I am just waiting for Stage 2 from Uni to be released. I mean I am liking Stage 1 but..you know...

Sent from my Samsung Note 8 using Tapatalk


----------



## Poetic50 (Feb 17, 2017)

Cherb32 said:


> I am just waiting for Stage 2 from Uni to be released. I mean I am liking Stage 1 but..you know...
> 
> Sent from my Samsung Note 8 using Tapatalk


Lol stage 1 or the 1+? Inputs on it vs stock?


Sent from my iPhone using Tapatalk


----------



## Cherb32 (Jun 18, 2006)

Poetic50 said:


> Lol stage 1 or the 1+? Inputs on it vs stock?
> 
> 
> Sent from my iPhone using Tapatalk


1 since I cannot get 93 here. I do have access to 101 though ...a bit much for my daily though. The flash is like night and day.
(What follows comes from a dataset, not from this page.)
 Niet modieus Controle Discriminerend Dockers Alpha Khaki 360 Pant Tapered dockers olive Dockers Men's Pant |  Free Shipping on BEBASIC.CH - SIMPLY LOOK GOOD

Feels like the car is supposed to come flashed rather than all watered down. 

Sent from my Samsung Note 8 using Tapatalk


----------



## [email protected] (Jul 3, 2013)

Cherb32 said:


> I am just waiting for Stage 2 from Uni to be released. I mean I am liking Stage 1 but..you know...
> 
> Sent from my Samsung Note 8 using Tapatalk


Our Downpipe and Stage 2 is in the pipeline. :thumbup:


----------



## seesir (Aug 3, 2016)

⬆⬆⬆


Sent from my iPhone using Tapatalk


----------



## Cherb32 (Jun 18, 2006)

[email protected] said:


> Our Downpipe and Stage 2 is in the pipeline.
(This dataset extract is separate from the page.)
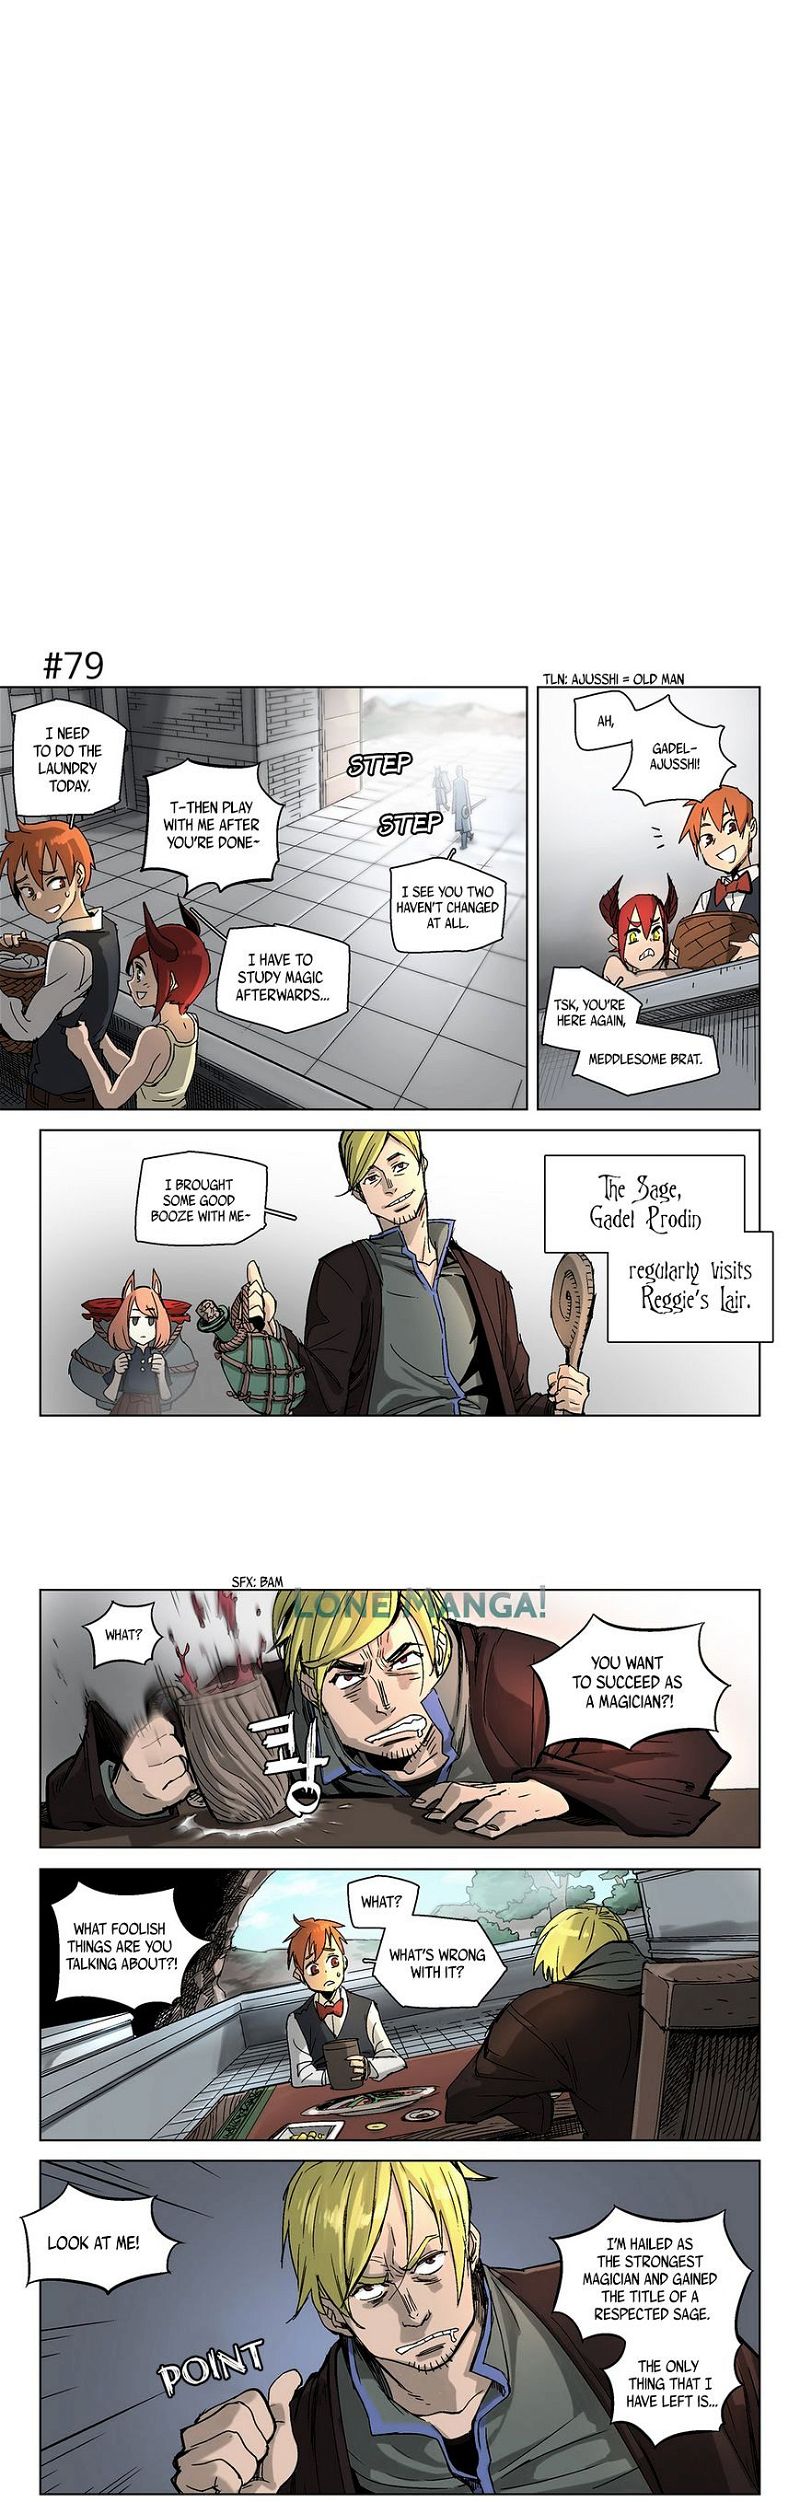 4 Cut Hero Chapter 13 page 2

Sweet! You guys have a price point for the setup (for those that already have a flash)?

Sent from my Samsung Note 8 using Tapatalk


----------



## Poetic50 (Feb 17, 2017)

Cherb32 said:


> 1 since I cannot get 93 here. I do have access to 101 though ...a bit much for my daily though. The flash is like night and day. Feels like the car is supposed to come flashed rather than all watered down.
> 
> Sent from my Samsung Note 8 using Tapatalk


Nice!!! Have you checked your IATs with stage 1 when pushing it hard?
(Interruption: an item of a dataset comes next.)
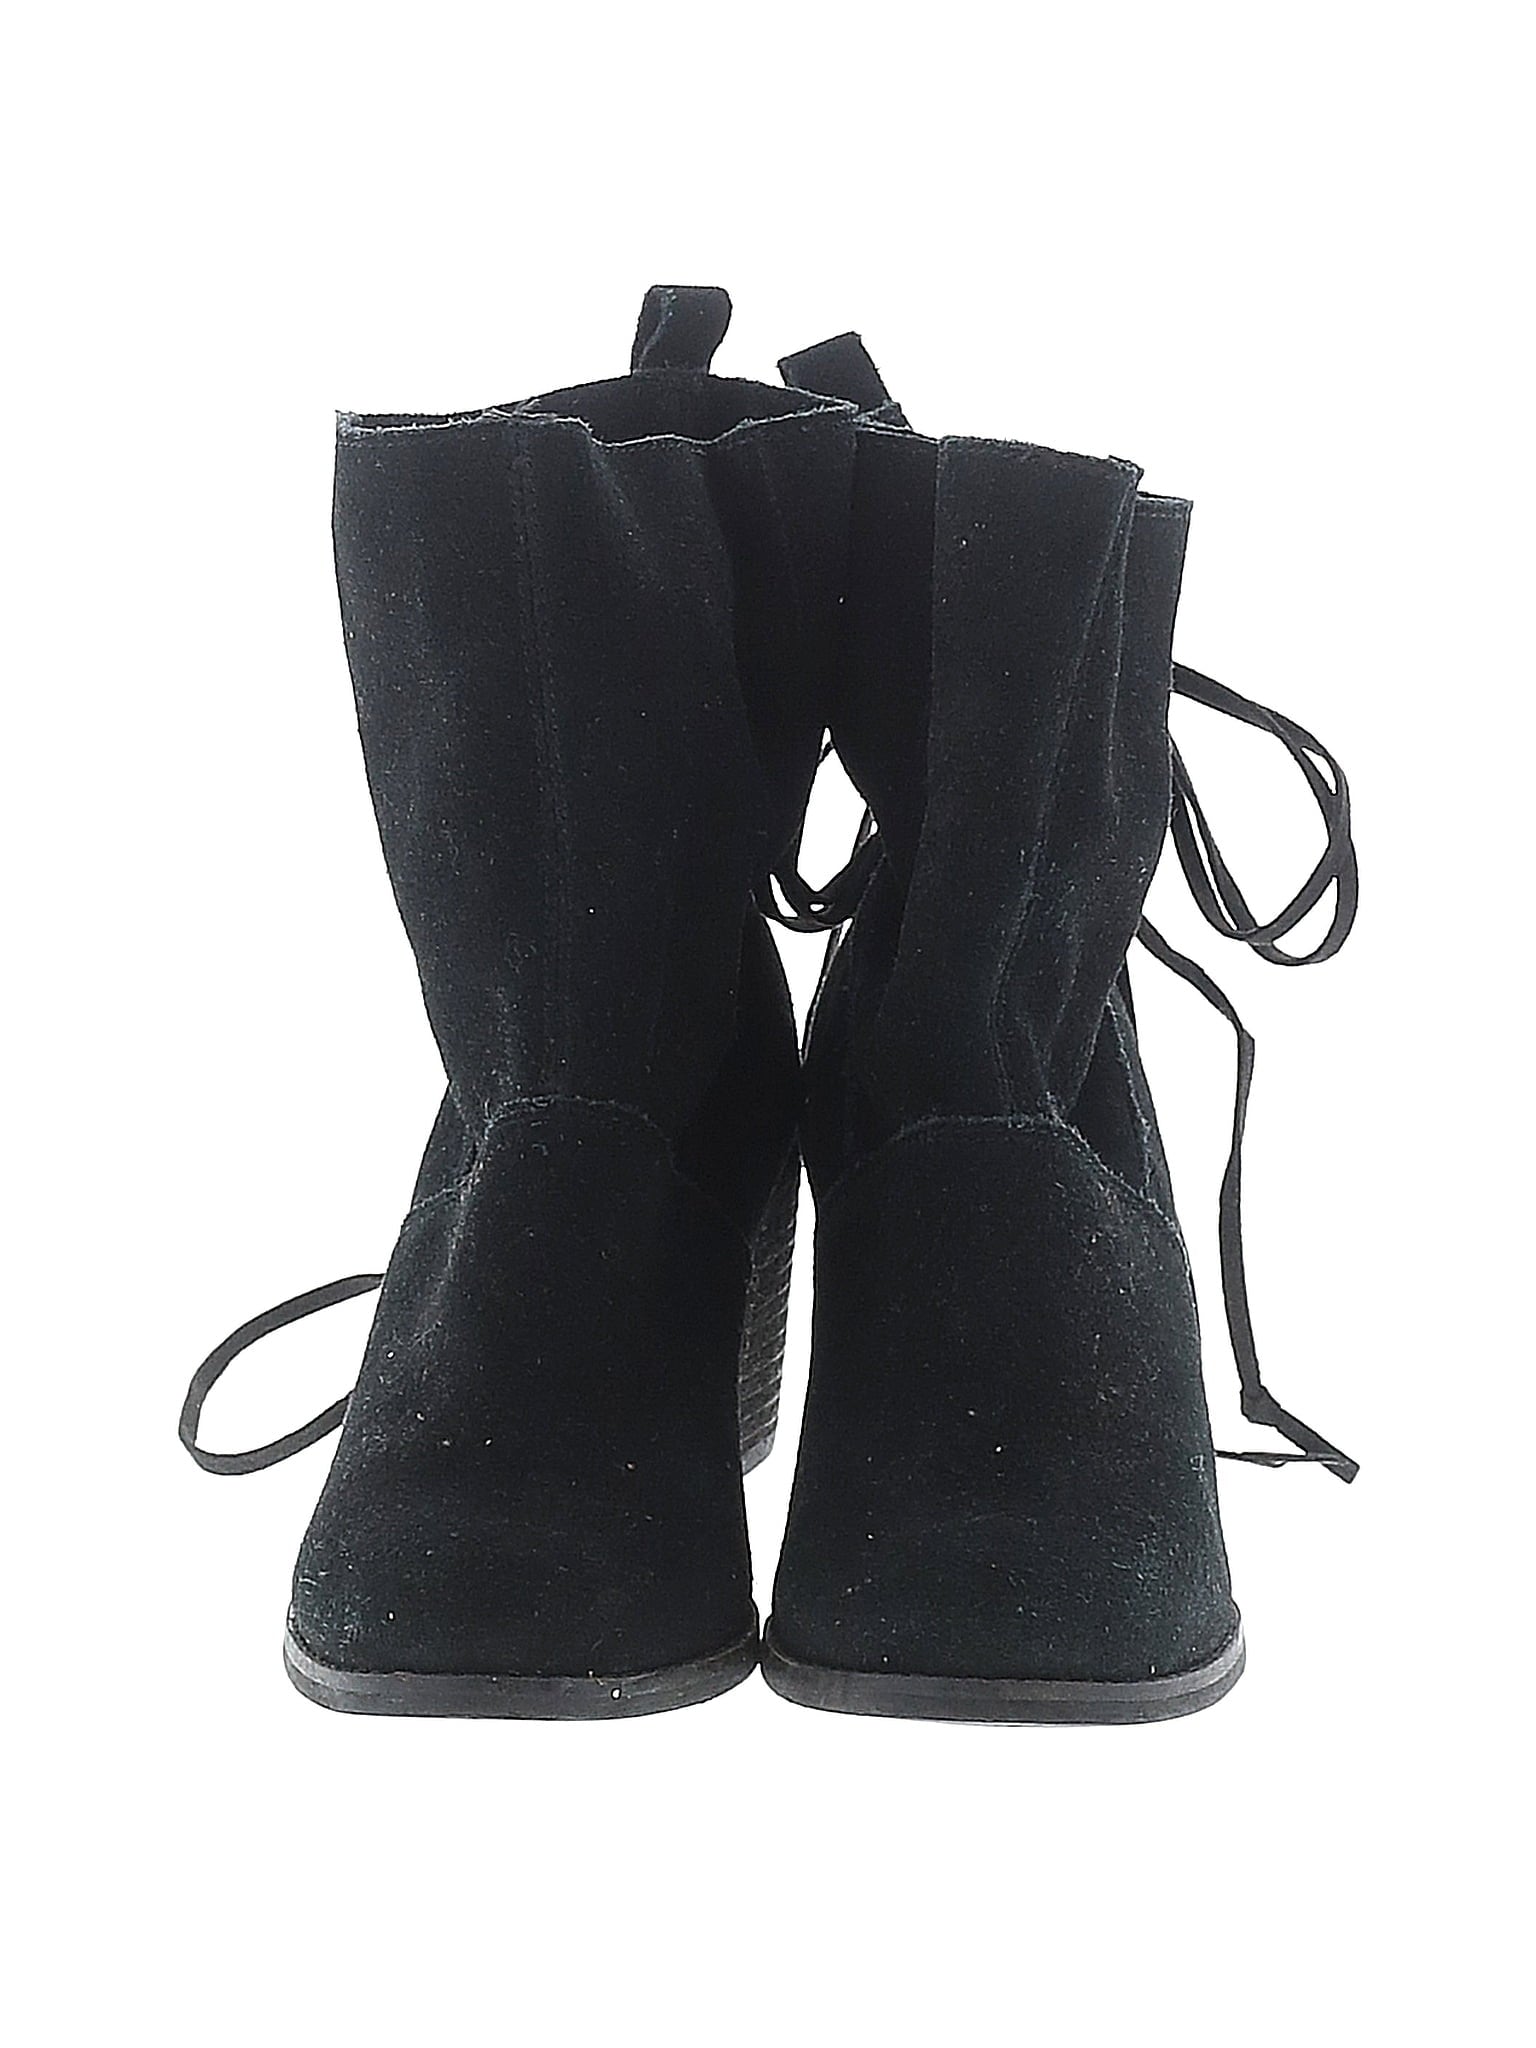 Ankle Boots shoe size - 5 1/2

Sent from my iPhone using Tapatalk


----------



## Cherb32 (Jun 18, 2006)

Poetic50 said:


> Nice!!! Have you checked your IATs with stage 1 when pushing it hard?
> 
> 
> Sent from my iPhone using Tapatalk


Nope

Sent from my Samsung Note 8 using Tapatalk


----------



## Rayn (Oct 13, 2018)

When should we be expecting the jetta mk7 goodies?? 😁


----------



## [email protected] (Jul 3, 2013)

Cherb32 said:


> Sweet! You guys have a price point for the setup (for those that already have a flash)?
> 
> Sent from my Samsung Note 8 using Tapatalk


We do not have a price for our Downpipe that we can share at the moment - Sorry!



Rayn said:


> When should we be expecting the jetta mk7 goodies?? 😁


We have one in-house. We've began developing some hardware parts for it, thus far.


----------



## Rayn (Oct 13, 2018)

That's awesome! Please do keep us posted, there are quite a few of us mk7 owners excited to start modding our cars! 😁


----------



## oasisqc (Apr 28, 2016)

[email protected] said:


> Our Downpipe and Stage 2 is in the pipeline. :thumbup:


any update ? :laugh:


----------



## [email protected] (Jul 3, 2013)

oasisqc said:


> any update ? :laugh:


Keep your eyes open for an announcement soon!


----------



## Mk7jetta (Oct 30, 2018)

[email protected] said:


> Cherb32 said:
> 
> 
> > Sweet! You guys have a price point for the setup (for those that already have a flash)?
> ...


You have a ballpark time when an intake is coming out for us mk7s


----------



## [email protected] (Jul 3, 2013)

Mk7jetta said:


> You have a ballpark time when an intake is coming out for us mk7s


No, I don't, sorry!


----------



## L33t A2 (Aug 5, 2003)

[email protected] said:


> Our Downpipe and Stage 2 is in the pipeline. :thumbup:


I did some digging and found a not available yet product listing 
https://www.moddedeuros.com/products/unitronic-3-downpipe-w-cat-16-18-jetta-uh032-exa


----------



## oasisqc (Apr 28, 2016)

Unitronic’s Stage 2 Performance Software combined with its 3” Downpipe produces 196 HP / 257 LB-FT.


----------



## Poetic50 (Feb 17, 2017)

oasisqc said:


> Unitronic’s Stage 2 Performance Software combined with its 3” Downpipe produces 196 HP / 257 LB-FT.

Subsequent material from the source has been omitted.